§ PROBLEM TO WORK ON: Take the material below and reproduce, word for word, only the lines from the line with "many fresh slices" through the line with "1968 Owens Corning Corvette".

§ DATA FOR THIS EXERCISE:
--

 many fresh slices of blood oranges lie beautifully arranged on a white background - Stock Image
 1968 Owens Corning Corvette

--

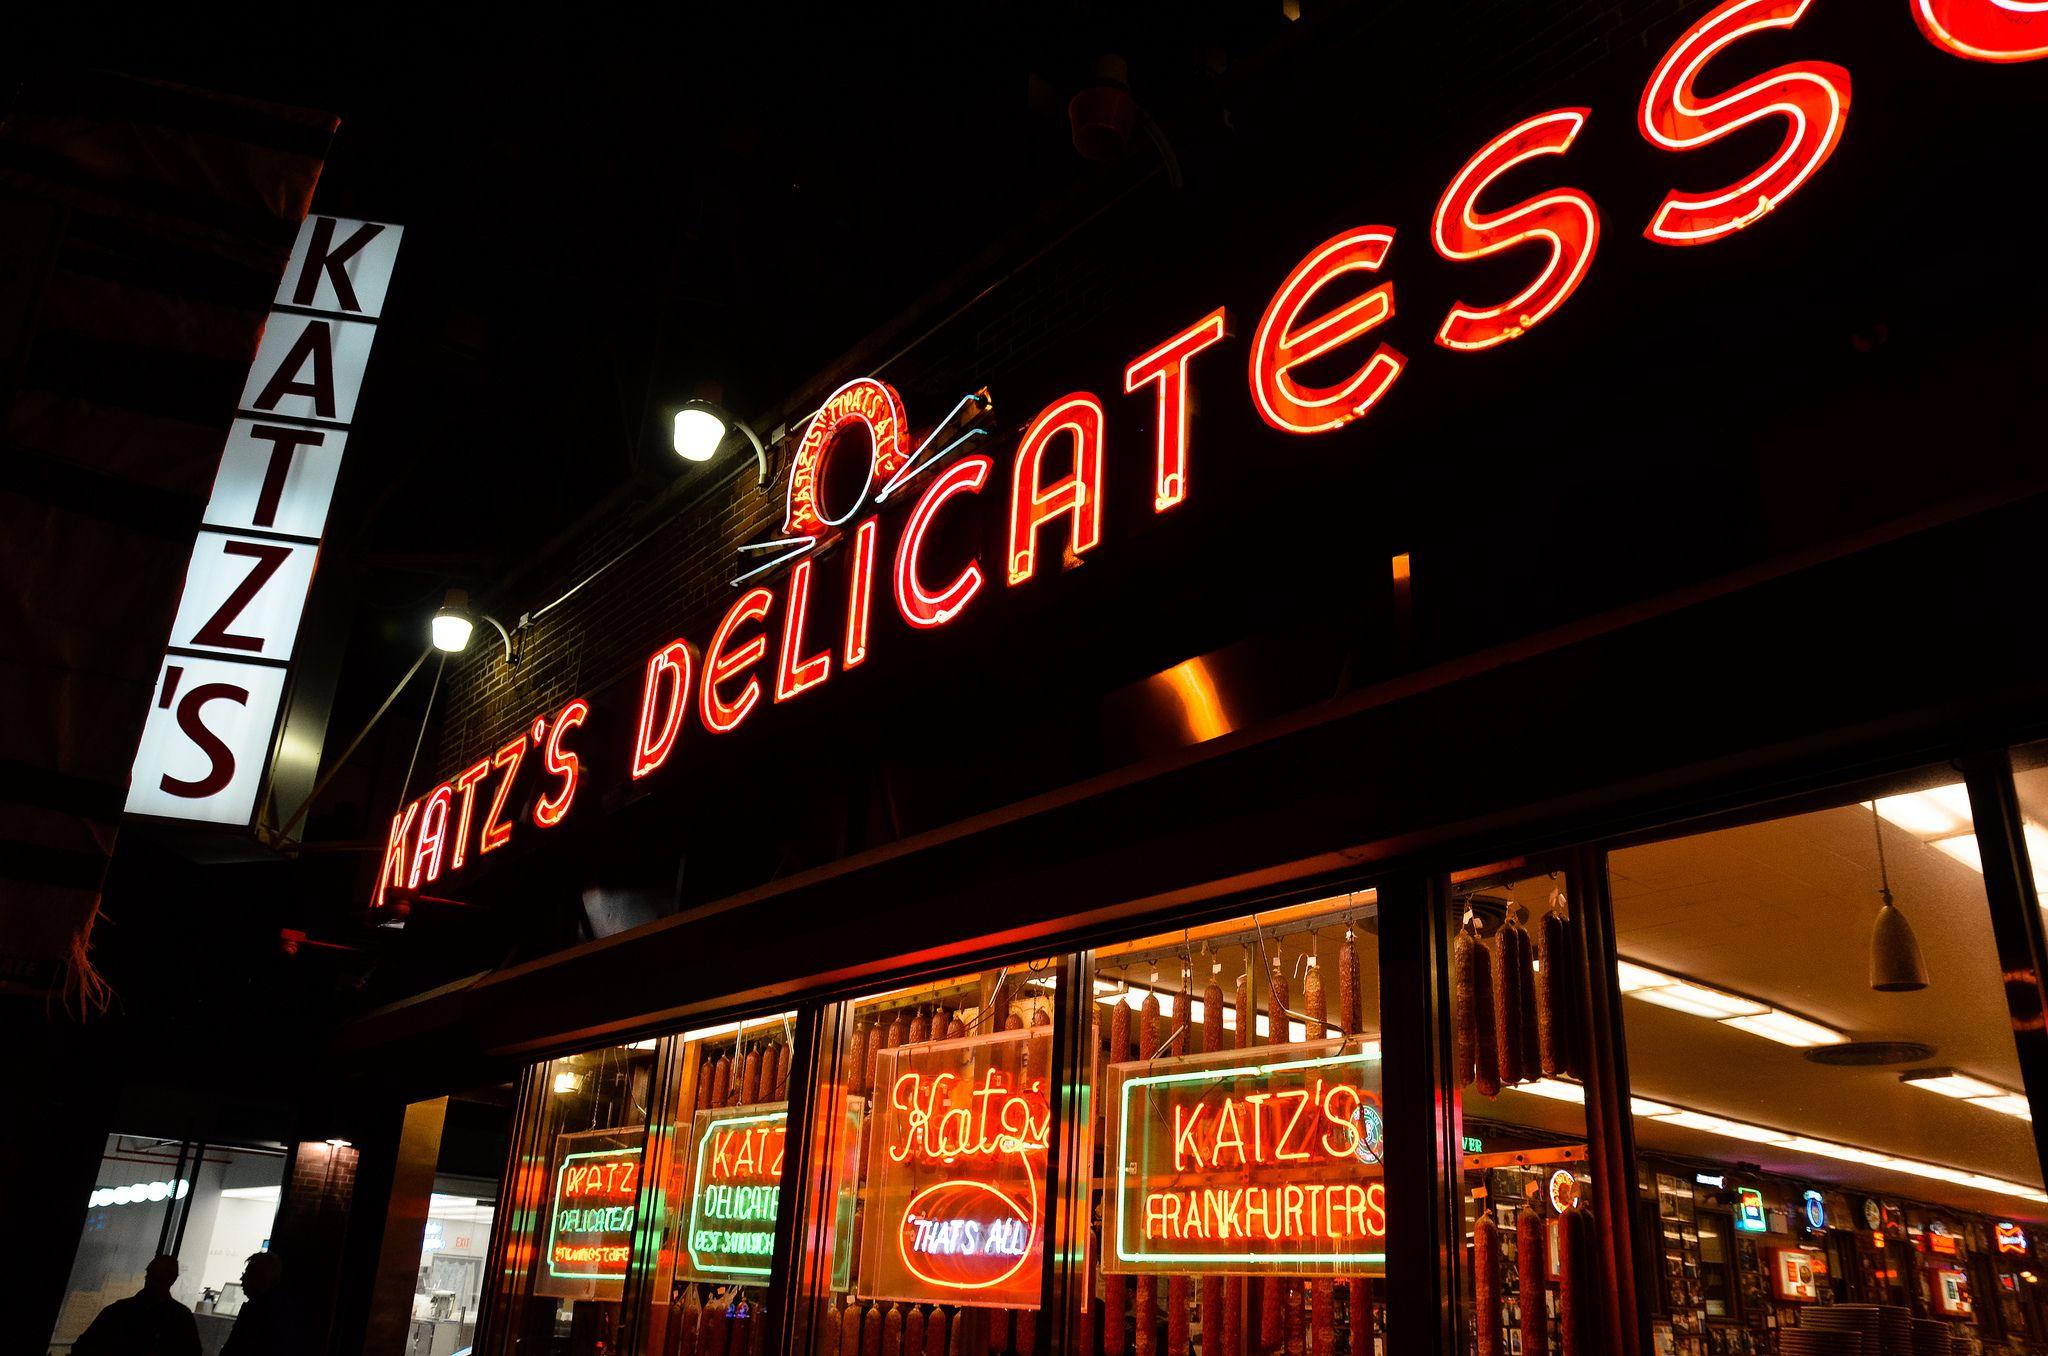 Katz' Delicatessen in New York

--

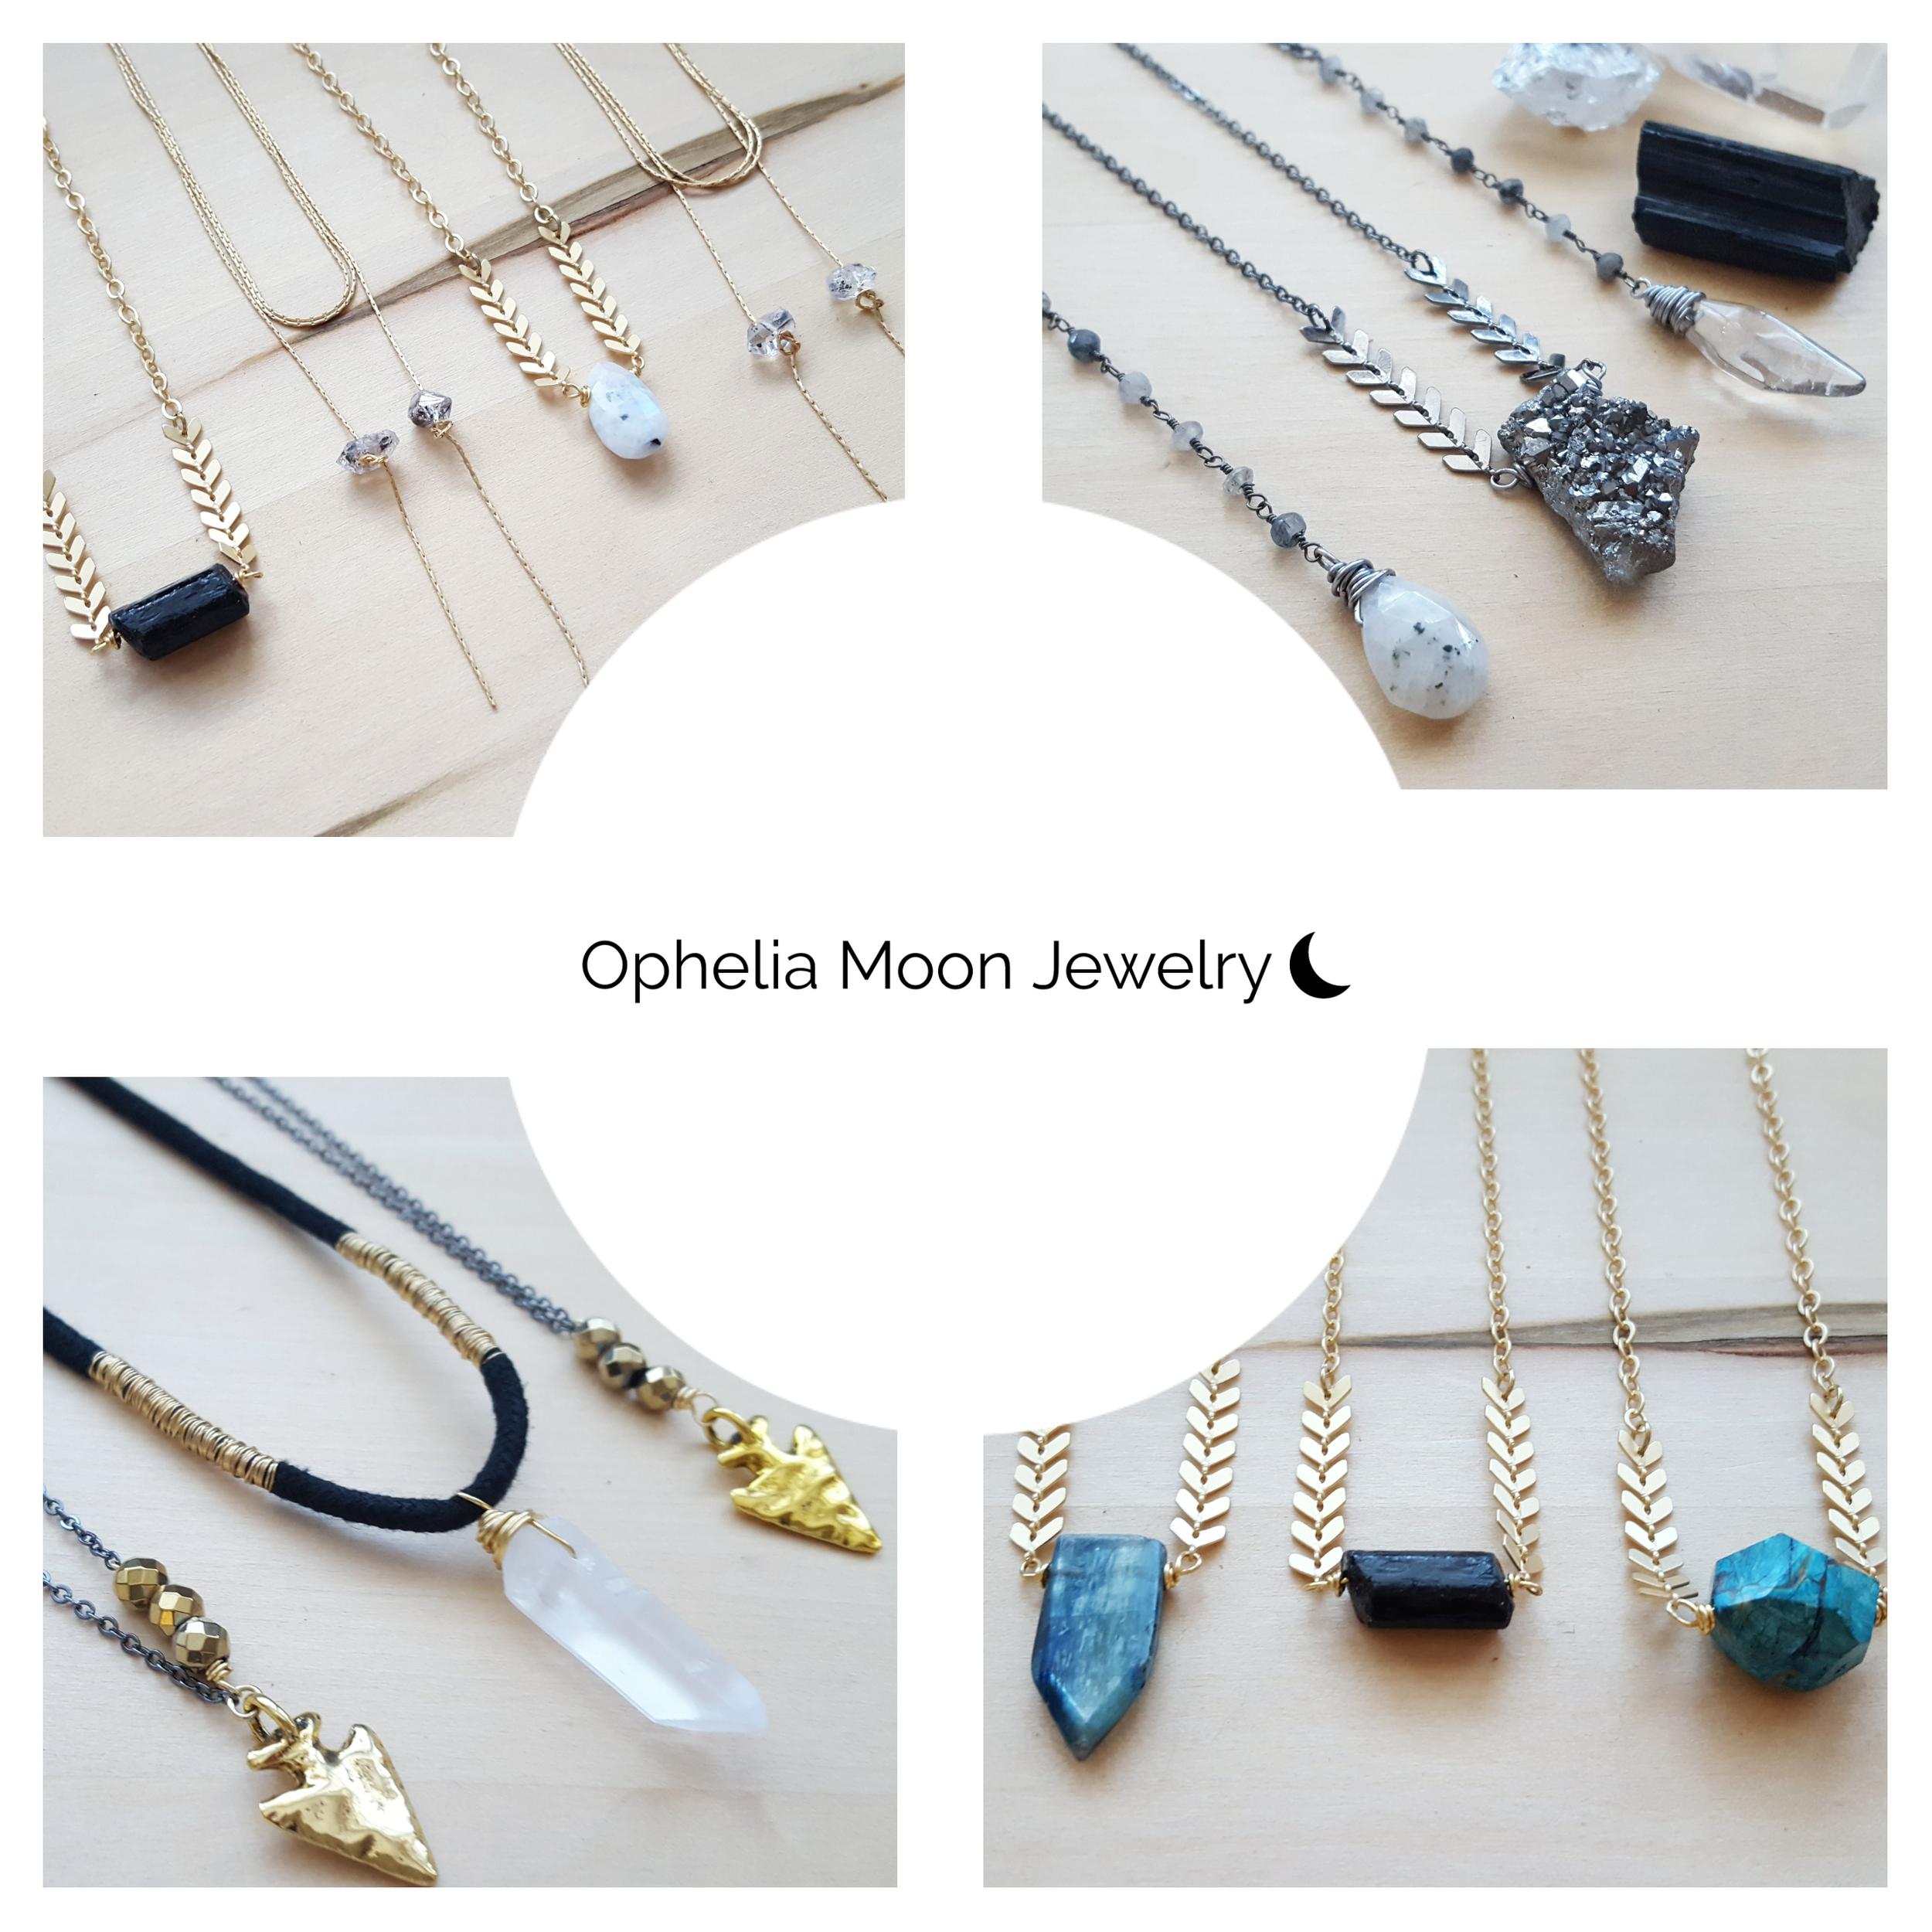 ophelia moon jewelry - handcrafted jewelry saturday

--

§ ANSWER:
 many fresh slices of blood oranges lie beautifully arranged on a white background - Stock Image
 1968 Owens Corning Corvette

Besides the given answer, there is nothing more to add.